3.2. Ethnobotanical Significance of Trees Outside Forests on Agricultural Lands in Mongala Province

As shown in Table 3, P. macrocarpus, E. suaveolens and R. heudelotii are used by all 900 key informants (RFC_s = 1). The other two species, P. africanum and P. angolensis, are used by 98% and 97% of key informants, respectively (RFC_s = 0.98 and 0.97). Among these five most abundant species, Table 3 and Figure 4 show that P. macrocarpus is the one that obtained the highest use report (3907), followed by E. suaveolens (3636), R. heudelotii (3279), P. angolensis (2576) and P. africanum (1972).

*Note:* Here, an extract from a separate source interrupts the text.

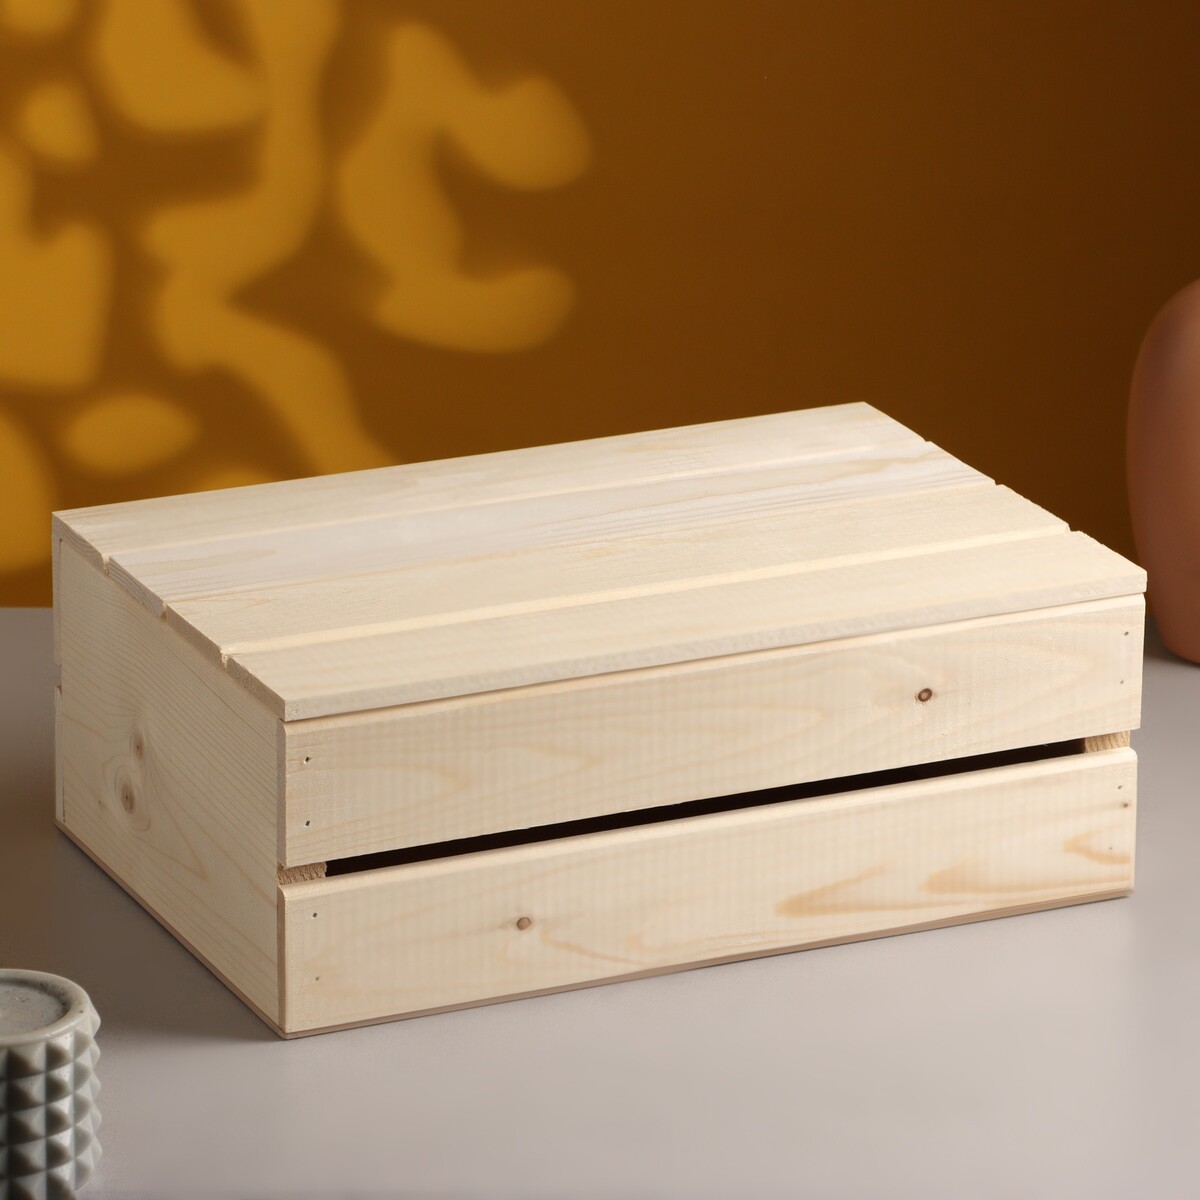 Ящик деревянный 35×23×13 см подарочный с реечной крышкой подарочный ящик 30×20×10 см деревянный с откидной крышкой с замком ручка дарим красиво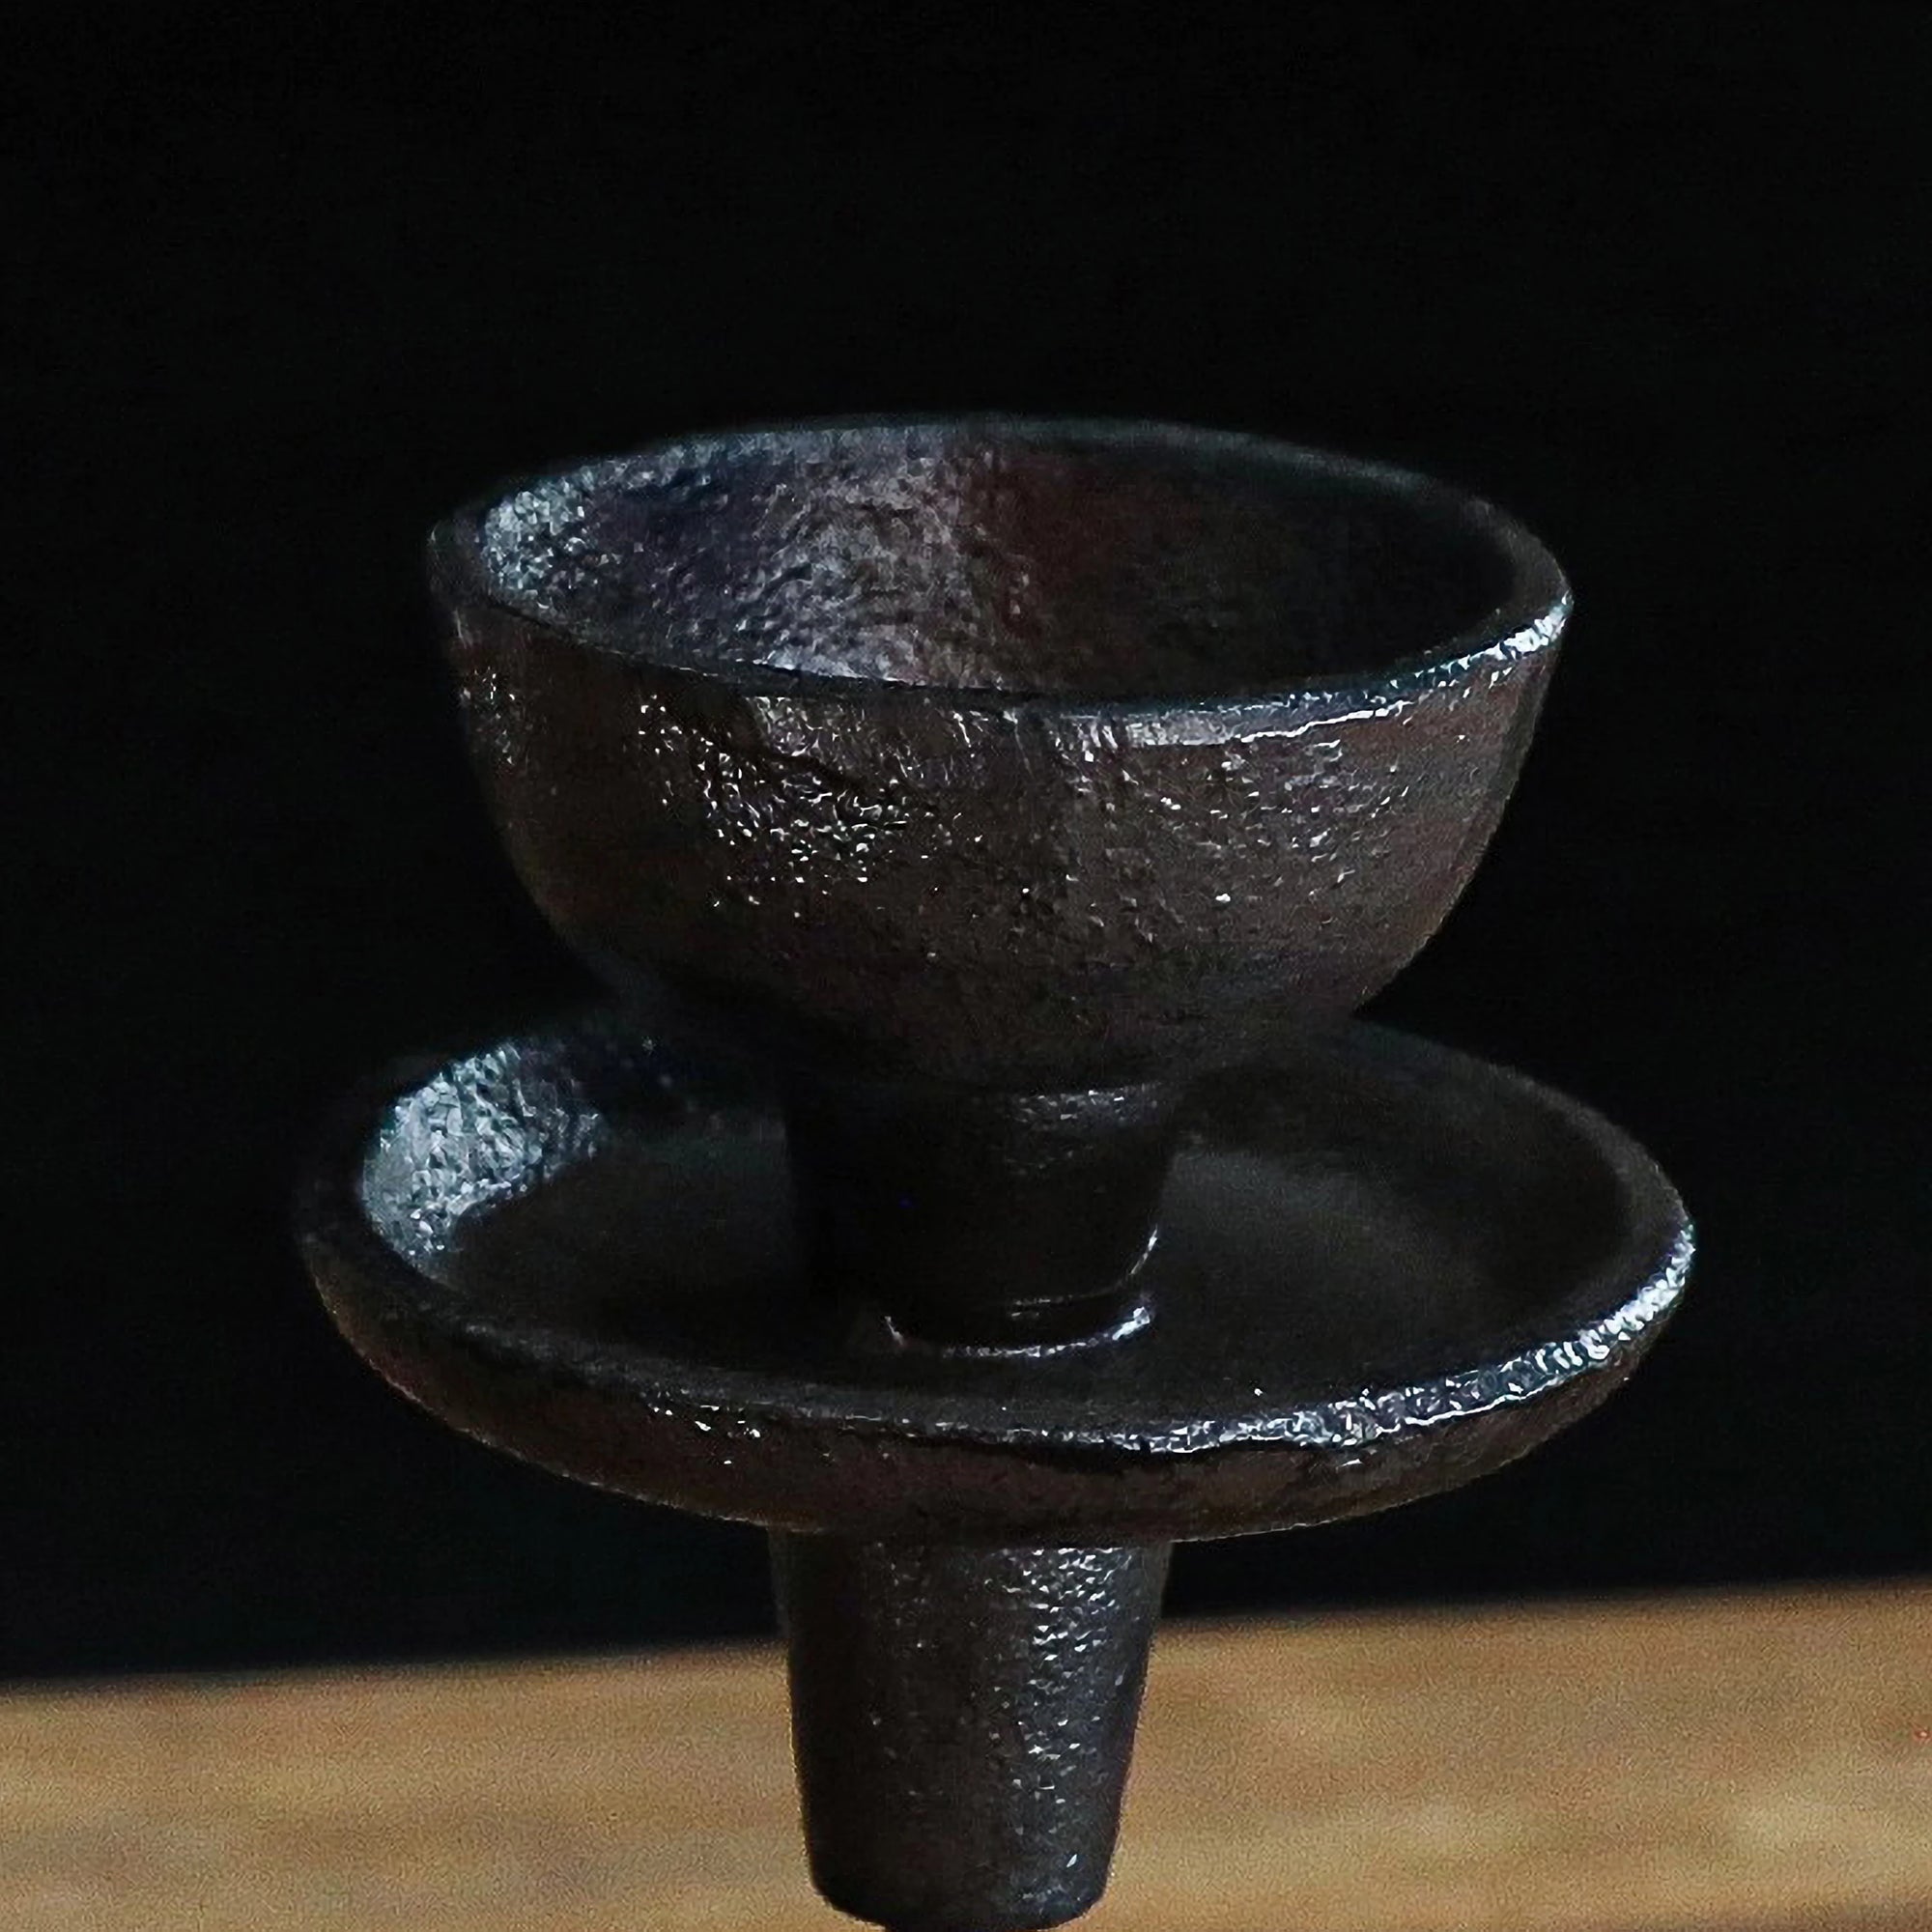 Hand-Forged Iron Candleholder Set

However, the use reports of these five most abundant species vary depending on the use categories and territories (Figure 4).

Of the 900 key informants who assessed the species in the three territories, 100% use E. suaveolens for trade, 99.9% for food, and 99.4% for medicine. For other uses, E. suaveolens is used by less than 40% of informants (Table 4).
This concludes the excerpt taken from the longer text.